## REQUIRED WORK
Among the entries below, the lines from the one with "mappa del mondo" up to and including the one with "Moskvas harjutati Putini" are to be restated exactly, without pictures.

===== DATA SUPPLIED

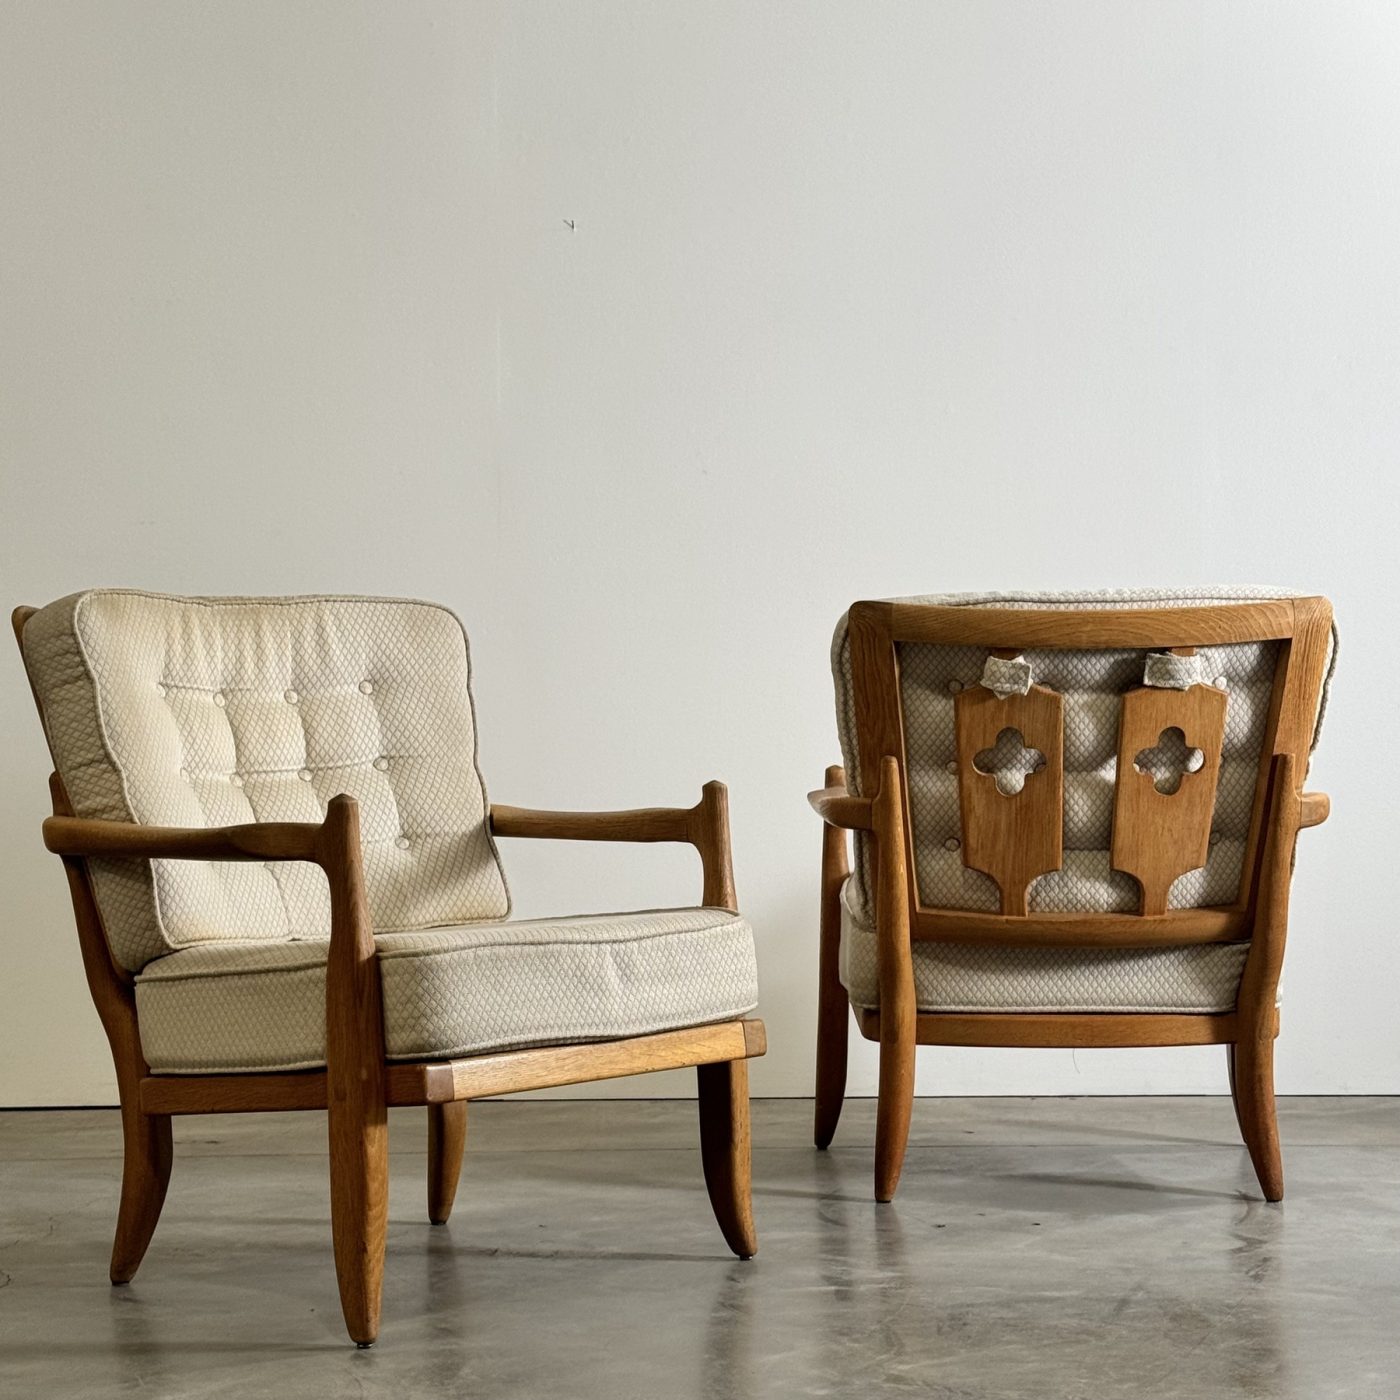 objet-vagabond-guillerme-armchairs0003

==========
===== DATA SUPPLIED

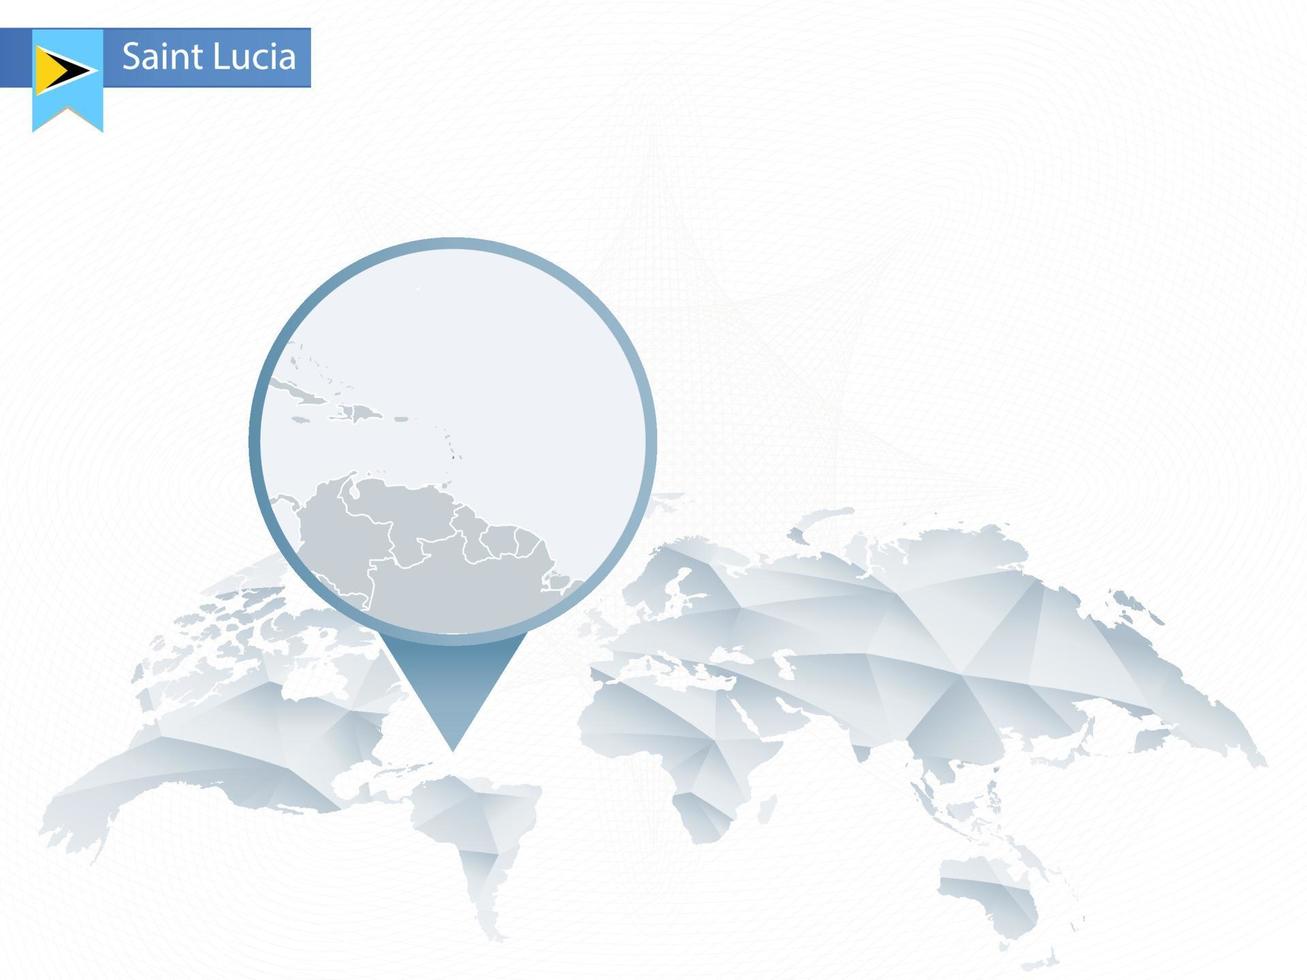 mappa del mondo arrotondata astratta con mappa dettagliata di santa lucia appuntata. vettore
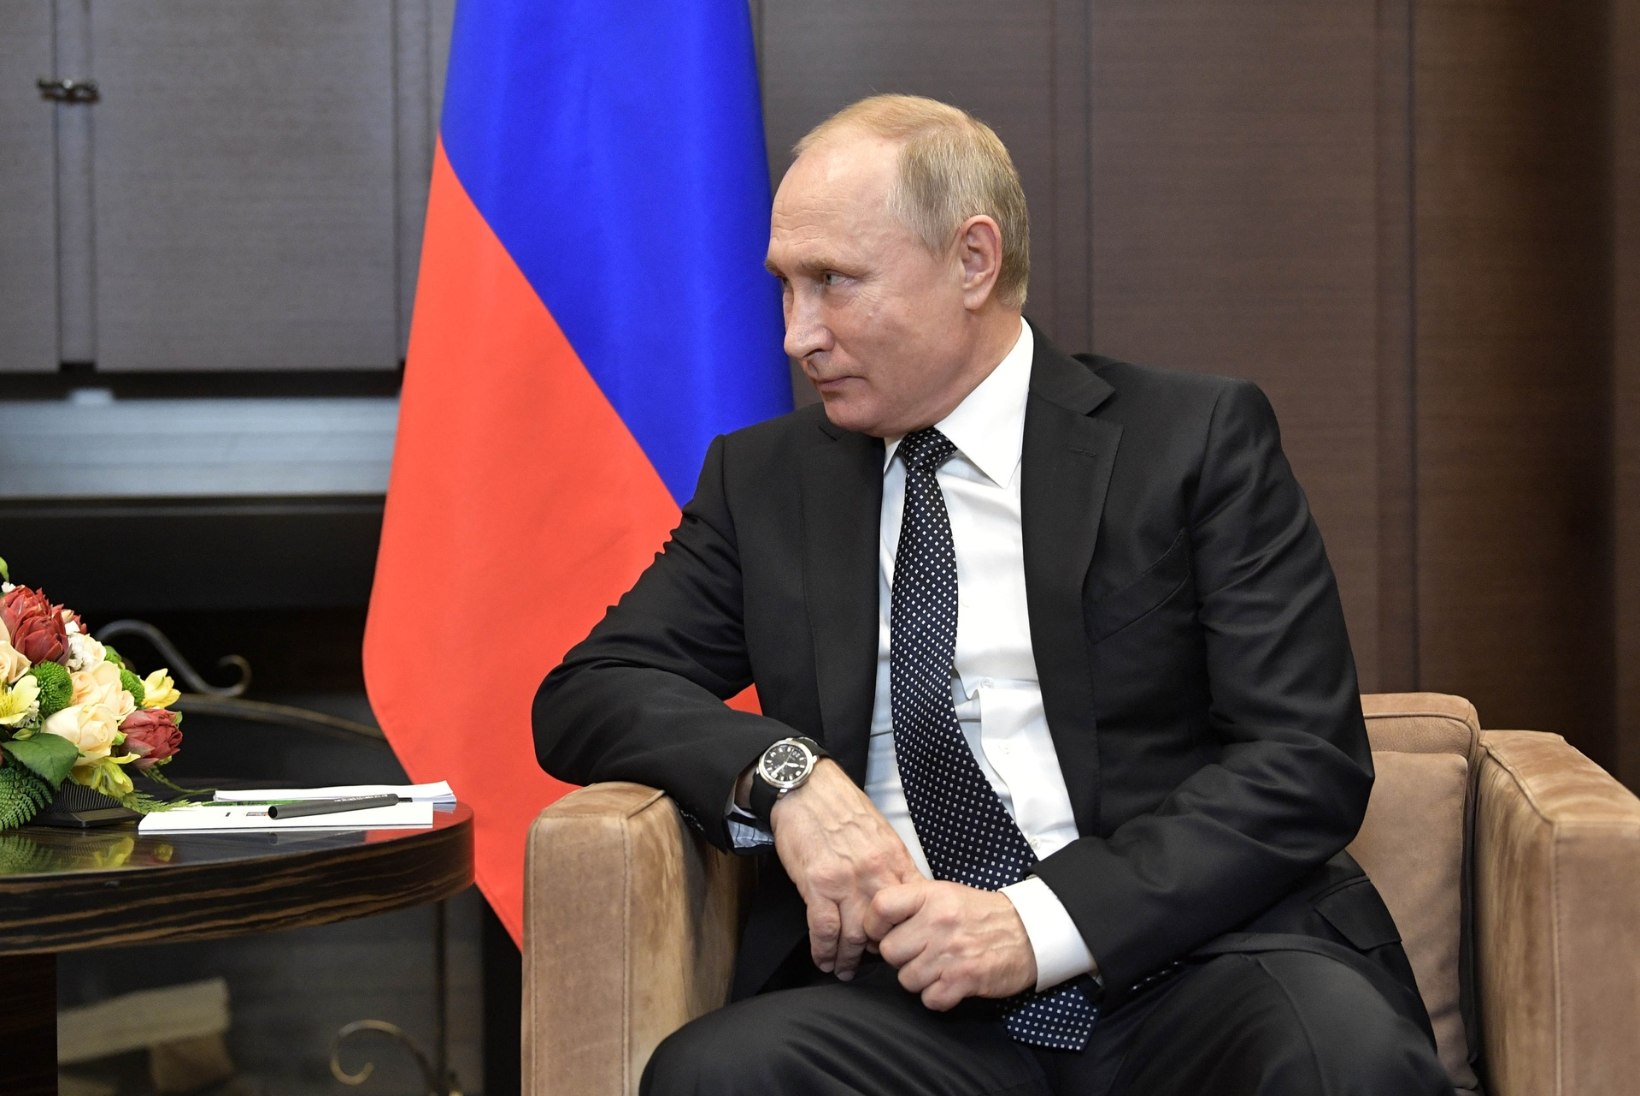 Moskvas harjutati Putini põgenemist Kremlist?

==========

## SOLUTION TO THE EXERCISE
 mappa del mondo arrotondata astratta con mappa dettagliata di santa lucia appuntata. vettore
 Moskvas harjutati Putini põgenemist Kremlist?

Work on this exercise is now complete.